*Work to be completed*:
Every line from the top of the material through the line holding "ATC Eurospun Ring" should be copied exactly, and only those lines.

++++ Record extracts

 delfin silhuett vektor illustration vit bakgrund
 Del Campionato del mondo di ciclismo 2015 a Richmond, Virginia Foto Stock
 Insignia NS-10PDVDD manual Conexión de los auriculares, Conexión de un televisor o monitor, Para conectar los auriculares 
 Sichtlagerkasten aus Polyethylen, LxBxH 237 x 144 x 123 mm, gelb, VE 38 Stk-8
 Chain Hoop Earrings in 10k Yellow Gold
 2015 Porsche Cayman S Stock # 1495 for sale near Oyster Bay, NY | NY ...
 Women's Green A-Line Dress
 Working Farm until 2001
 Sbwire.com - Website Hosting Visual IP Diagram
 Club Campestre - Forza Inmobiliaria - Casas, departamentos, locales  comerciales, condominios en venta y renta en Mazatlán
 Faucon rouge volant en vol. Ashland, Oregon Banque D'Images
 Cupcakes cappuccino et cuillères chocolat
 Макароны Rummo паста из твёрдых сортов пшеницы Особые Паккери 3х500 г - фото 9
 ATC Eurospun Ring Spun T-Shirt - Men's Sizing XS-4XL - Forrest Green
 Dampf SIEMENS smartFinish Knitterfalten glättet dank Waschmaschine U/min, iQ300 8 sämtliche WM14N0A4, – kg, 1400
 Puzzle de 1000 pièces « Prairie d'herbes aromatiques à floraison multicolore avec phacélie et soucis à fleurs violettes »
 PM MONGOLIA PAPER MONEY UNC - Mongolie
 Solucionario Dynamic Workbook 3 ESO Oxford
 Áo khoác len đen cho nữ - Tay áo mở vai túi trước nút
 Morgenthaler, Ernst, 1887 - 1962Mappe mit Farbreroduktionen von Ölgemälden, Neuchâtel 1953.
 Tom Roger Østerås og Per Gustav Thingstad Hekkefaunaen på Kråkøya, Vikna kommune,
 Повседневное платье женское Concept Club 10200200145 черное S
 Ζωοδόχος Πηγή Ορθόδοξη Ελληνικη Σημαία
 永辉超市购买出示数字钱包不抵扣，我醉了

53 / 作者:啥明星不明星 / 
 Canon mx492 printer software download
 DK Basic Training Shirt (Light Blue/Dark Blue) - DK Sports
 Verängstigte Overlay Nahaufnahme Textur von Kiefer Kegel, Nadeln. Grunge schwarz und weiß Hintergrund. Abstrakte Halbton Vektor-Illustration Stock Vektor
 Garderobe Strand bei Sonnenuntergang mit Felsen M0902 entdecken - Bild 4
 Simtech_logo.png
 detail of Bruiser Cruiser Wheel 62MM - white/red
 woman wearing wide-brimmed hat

++++++++

*Response to this task*:
 delfin silhuett vektor illustration vit bakgrund
 Del Campionato del mondo di ciclismo 2015 a Richmond, Virginia Foto Stock
 Insignia NS-10PDVDD manual Conexión de los auriculares, Conexión de un televisor o monitor, Para conectar los auriculares 
 Sichtlagerkasten aus Polyethylen, LxBxH 237 x 144 x 123 mm, gelb, VE 38 Stk-8
 Chain Hoop Earrings in 10k Yellow Gold
 2015 Porsche Cayman S Stock # 1495 for sale near Oyster Bay, NY | NY ...
 Women's Green A-Line Dress
 Working Farm until 2001
 Sbwire.com - Website Hosting Visual IP Diagram
 Club Campestre - Forza Inmobiliaria - Casas, departamentos, locales  comerciales, condominios en venta y renta en Mazatlán
 Faucon rouge volant en vol. Ashland, Oregon Banque D'Images
 Cupcakes cappuccino et cuillères chocolat
 Макароны Rummo паста из твёрдых сортов пшеницы Особые Паккери 3х500 г - фото 9
 ATC Eurospun Ring Spun T-Shirt - Men's Sizing XS-4XL - Forrest Green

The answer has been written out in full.